Cluster Analysis for Aspiring Data Scientists | by Alex Vamvakaris | Feb, 2023

By Jessie Hobb On Feb 23, 2023

A step-by-step case study of how data scientists approach and execute a cluster analysis

Going back to my time as an undergraduate student in statistics, there is a day that stands out. It was the first day of the multivariate analysis module. This class was new at the time, and to our surprise, the professor decided to do something different. Instead of going through the agenda for the semester, he closed the lights and announced that today we would learn about the module differently — by watching the pilot episode of the series “Numb3rs”.

The series focuses on FBI Special Agent Don Eppes and his brother, Charles Eppes, a brilliant mathematician who uses data science to ferret out the most tricky criminals. More specifically, in the pilot episode, Charles uses cluster analysis to find out the criminal’s point of origin. Needless to say, we were all hooked.

Fast forwarding to today, I have been through different industries, from eCommerce retail to consultancy and gaming, and the one constant desire from all business stakeholders was to segment (cluster) their customers or users. It seems that clustering piques the interest of both data scientists and business stakeholders (as well as movie audiences).

In this article, I have created a guide for aspiring data scientists that want to add cluster analysis to their arsenal and get one step closer to landing their first data science job. The guide will be structured in two parts:

Introduction to Clustering: Understanding the three building blocks of cluster analysis
A Step-by-Step Case Study of Clustering in R: Visualizing the data, data processing, computing similarity matrix (distances), selecting the number of clusters, and describing results

1.1. What is the Goal of Clustering?

Clustering is used to group entities based on a defined set of characteristics. For example, we can use clustering to group customers (entities) based on their shopping behavior (characteristics).

1.2. How does Clustering Works?

In supervised machine-learning techniques (like linear regression), the algorithm is trained on a labeled dataset with the goal of maximizing prediction accuracy on new unlabeled data. For example, an algorithm can be trained on a labeled dataset that includes characteristics of houses (square footage, number of bedrooms, etc.) and their corresponding label (sales price) with the goal of creating a model that predicts with high accuracy the sales price of a new house, based on its respective characteristics.
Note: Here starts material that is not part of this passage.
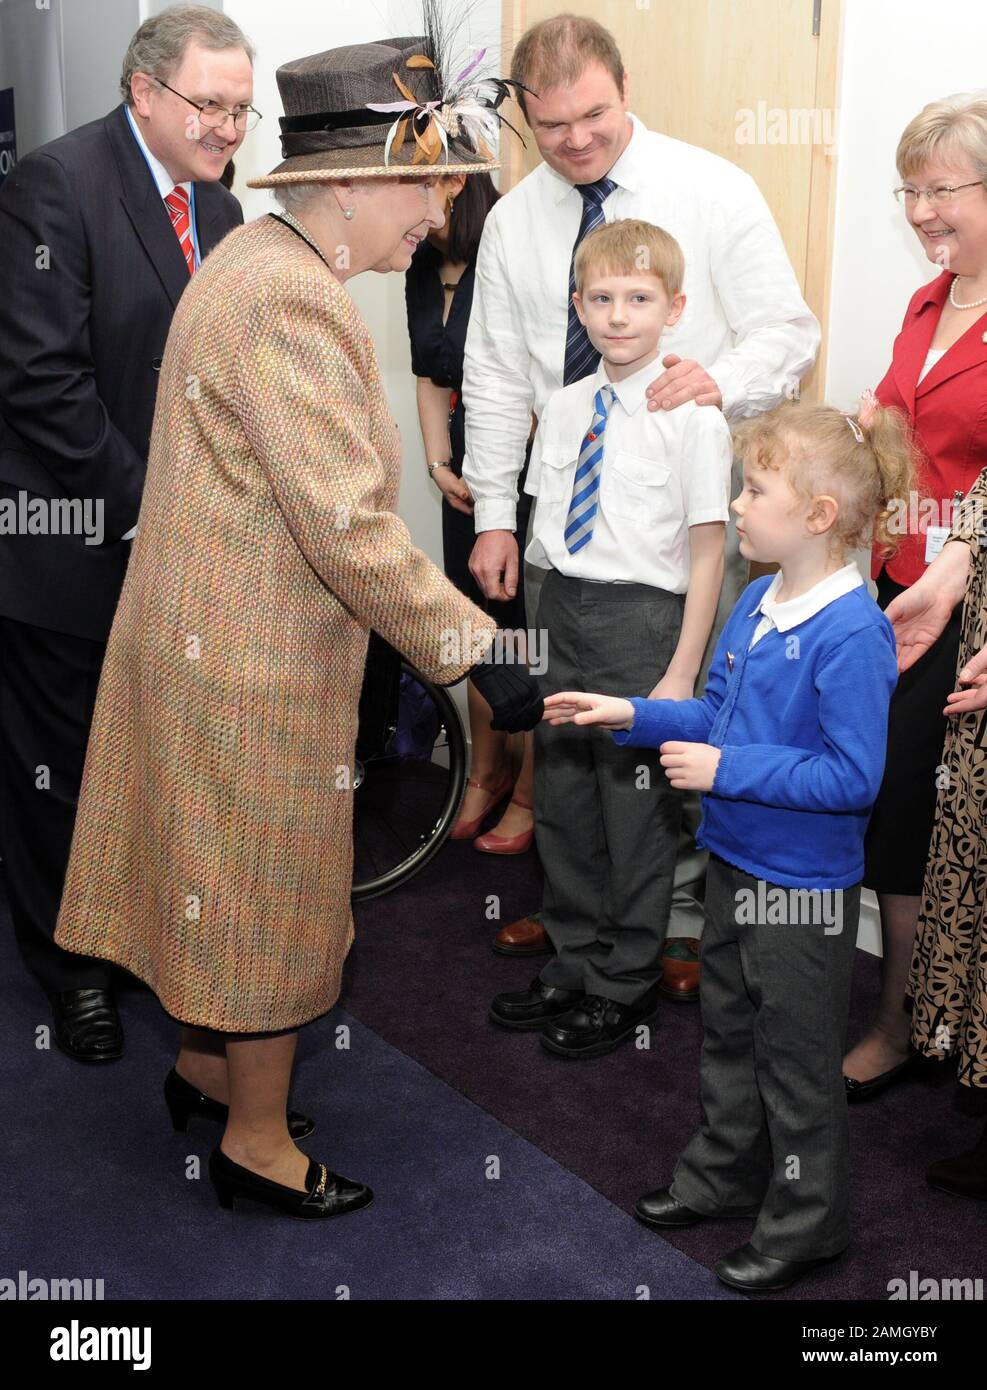 9 year old George Taylor official club campaigner for the British legion  meeting  the H.M. The Queen at the opening of the new British legion in 2009. Stock Photo

Clustering, on the other hand, is an unsupervised machine-learning technique. The dataset has no label (hence the name unsupervised). Instead, the goal is to create a new label in the form of a cluster assignment. Every cluster analysis will be different, but in each case, there are three main building blocks or steps if you prefer:

Create a dataset that is unique by row for the entity you want to cluster. So if you want to cluster customers, each row must represent a different customer. For each one of these rows, you will have attributes (columns) that describe specific characteristics, like revenue in the past year, favorite product, number of days since last purchase, etc.
Compute the similarity between each row and all others in your dataset (based on the available attributes). So we will have a similarity value between the first and the second row, the first and third row, the second and third row, and so on. The most frequently used similarity functions are distances. We will go through these in more detail in the case study of the next section as they are better explained using an example
Input the similarity matrix into a clustering algorithm. There are many available in R and Python, like k-means, hierarchical, and PAM. Clustering algorithms have a simple purpose. Assign observations into clusters so that observations within a cluster are as similar as possible and observations between different clusters are as dissimilar as possible. In the end, you will have a cluster assignment for each row (observation)
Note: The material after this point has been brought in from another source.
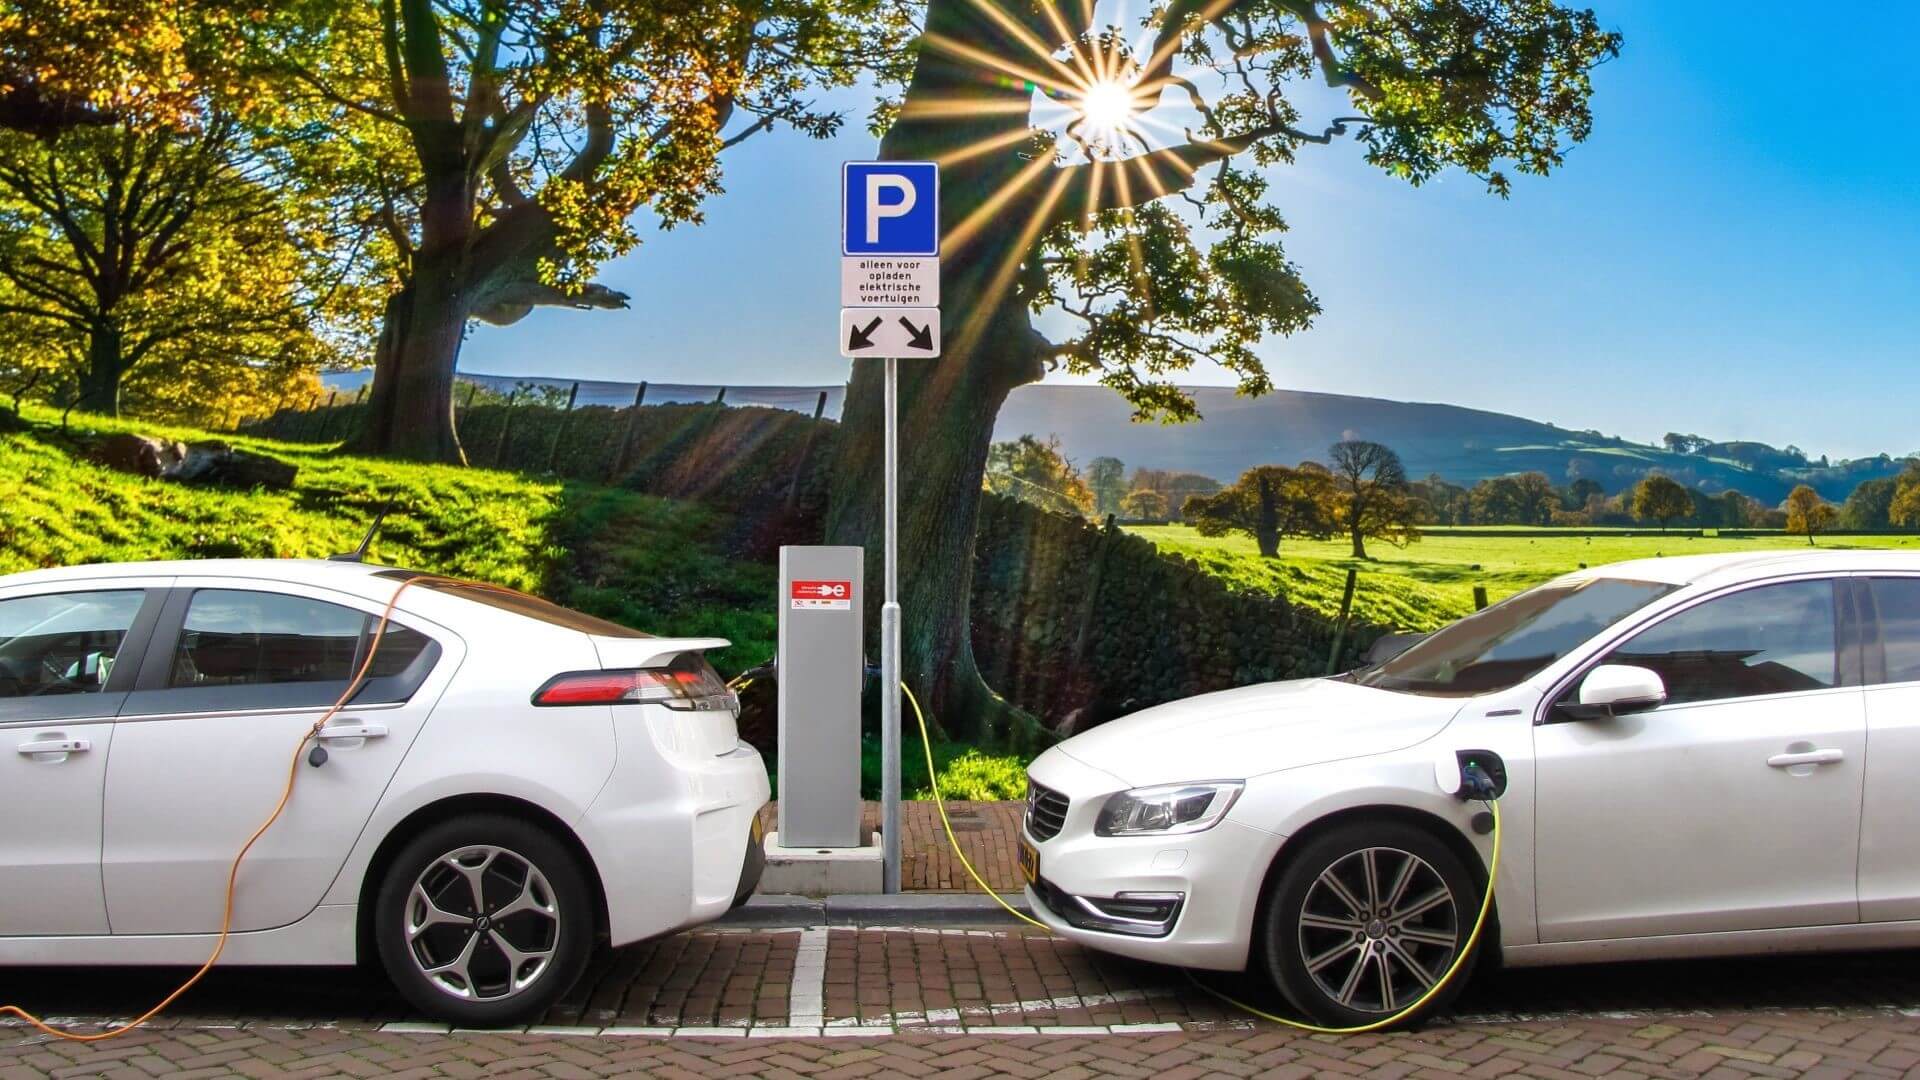 Two electric vehicles parked on at charging point

Even though I couldn’t find the dataset used in the pilot episode of the series “Numb3rs”, I thought it would be fitting to use something similar for our case study, so I picked the US Arrests dataset, loaded from the datasets package (part of the base library in R).

The dataset contains 50 rows and 4 attributes. Each row is a US state (entity). The four attributes describe the following characteristics of each state:

Murder: Number of murder arrests per 100000 residents in 1975
Assault: Number of assault arrests per 100000 residents in 1975
Rape: Number of rape arrests per 100000 residents in 1975
UrbanPop: Percent of the population living in urban areas in 1975
We also have the state name as row names. This will not be used as input for the clustering algorithm

##############################
# Loading libraries
##############################
library("dplyr")        # summarizing data
library("ggplot2")      # visualization
library("cluster")      # gower distance and PAM
library("ggalluvial")   # alluvial plots##############################
# Loading the data set
##############################
data("USArrests")
##############################
# Examine data set
##############################
head(USArrests)   # head -> header

Overview of USArrests dataset in R [Image by the author]

2.1. Visualizing the Data

Looking at the box plots below, all four attributes seem approximately symmetric (UrbanPop is slightly right-skewed, and Rape is slightly left-skewed). If an attribute was heavily skewed or if there were outliers, we could consider applying different transformations (such as log transformation). This is not necessary with our dataset.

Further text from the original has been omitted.